In the first step we need to identify the list of countries and apps.
require(XML)
countryId <- c("AE","AG","AI","AL","AM","AO","AR","AT","AU","AZ","BB","BE","BF","BG","BH","BJ","BM","BN","BO","BR","BS","BT","BW","BY","BZ","CA","CG","CH","CL","CN","CO","CR","CV","CY","CZ","DE","DK","DM","DO","DZ","EC","EE","EG","ES","FI","FJ","FM","FR","GB","GD","GH","GM","GR","GT","GW","GY","HK","HN","HR","HU","ID","IE","IL","IN","IS","IT","JM","JO","JP","KE","KG","KH","KN","KR","KW","KY","KZ","LA","LB","LC","LK","LR","LT","LU","LV","MD","MG","MK","ML","MN","MO","MR","MS","MT","MU","MW","MX","MY","MZ","NA","NE","NG","NI","NL","NO","NP","NZ","OM","PA","PE","PG","PH","PK","PL","PT","PW","PY","QA","RO","RU","SA","SB","SC","SE","SG","SI","SK","SL","SN","SR","ST","SV","SZ","TC","TD","TH","TJ","TM","TN","TR","TT","TW","TZ","UA","UG","US","UY","UZ","VC","VE","VG","VN","YE","ZA","ZW") #A complete list of iTunes territories as of January 2016
appId <- c(324684580,284882215) #list of app Id's we want to fetch
appOwner <- c("spotify","facebook") #App names
df <- data.frame(Doubles=double(), #Create an empty data frame
Ints=integer(),
Factors=factor(),
Logicals=logical(),
Characters=character(),
stringsAsFactors=FALSE)
df0 <- df #Create another empty data frame
In the second stage we need to fetch XML files for each app for each country. Each page containts up to 50 reviews.

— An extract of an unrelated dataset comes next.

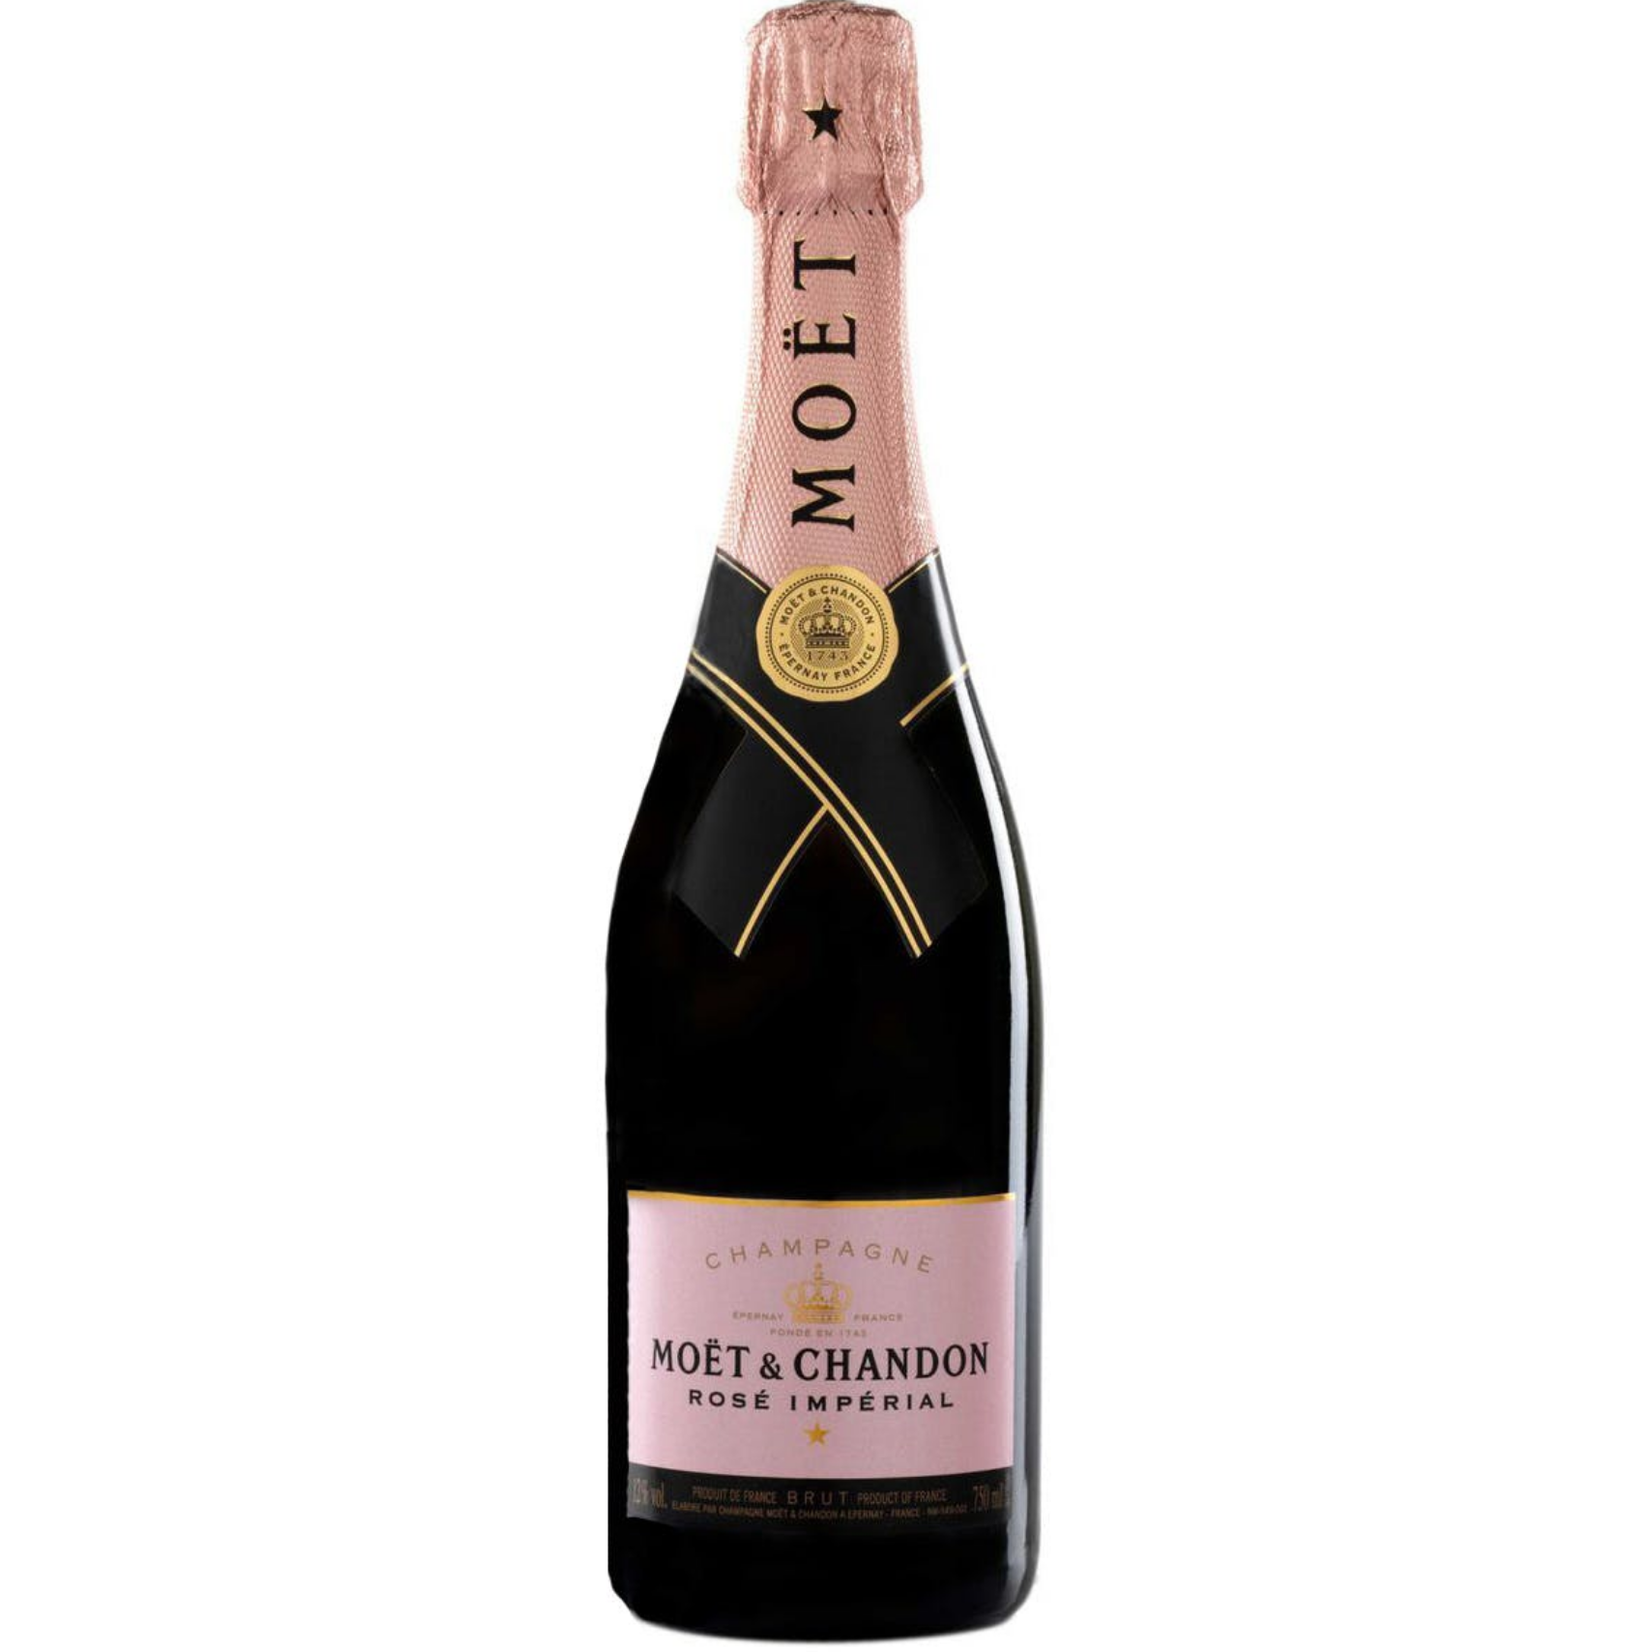 NV, Moet & Chandon ROSE Imperial, Champagne, Epernay, Champagne, France, 12% Alc, CTNR

For each dwonloaded page we extract the data we are interested in from the parsed files.
for (j in 1:length(appId)){
for (l in 1:1){ #To download from all countries set 1:length(countryId)
for (k in 1:10){ #iTunes RSS feed keeps only 10 last pages of the feed
url1 = 'http://itunes.apple.com/'
url2 = '/rss/customerreviews/page='
url3 = '/id='
url4 = '/sortby=mostrecent/xml'
url <- paste(url1,countryId[l], url2,k,url3,appId[j],url4, sep = "")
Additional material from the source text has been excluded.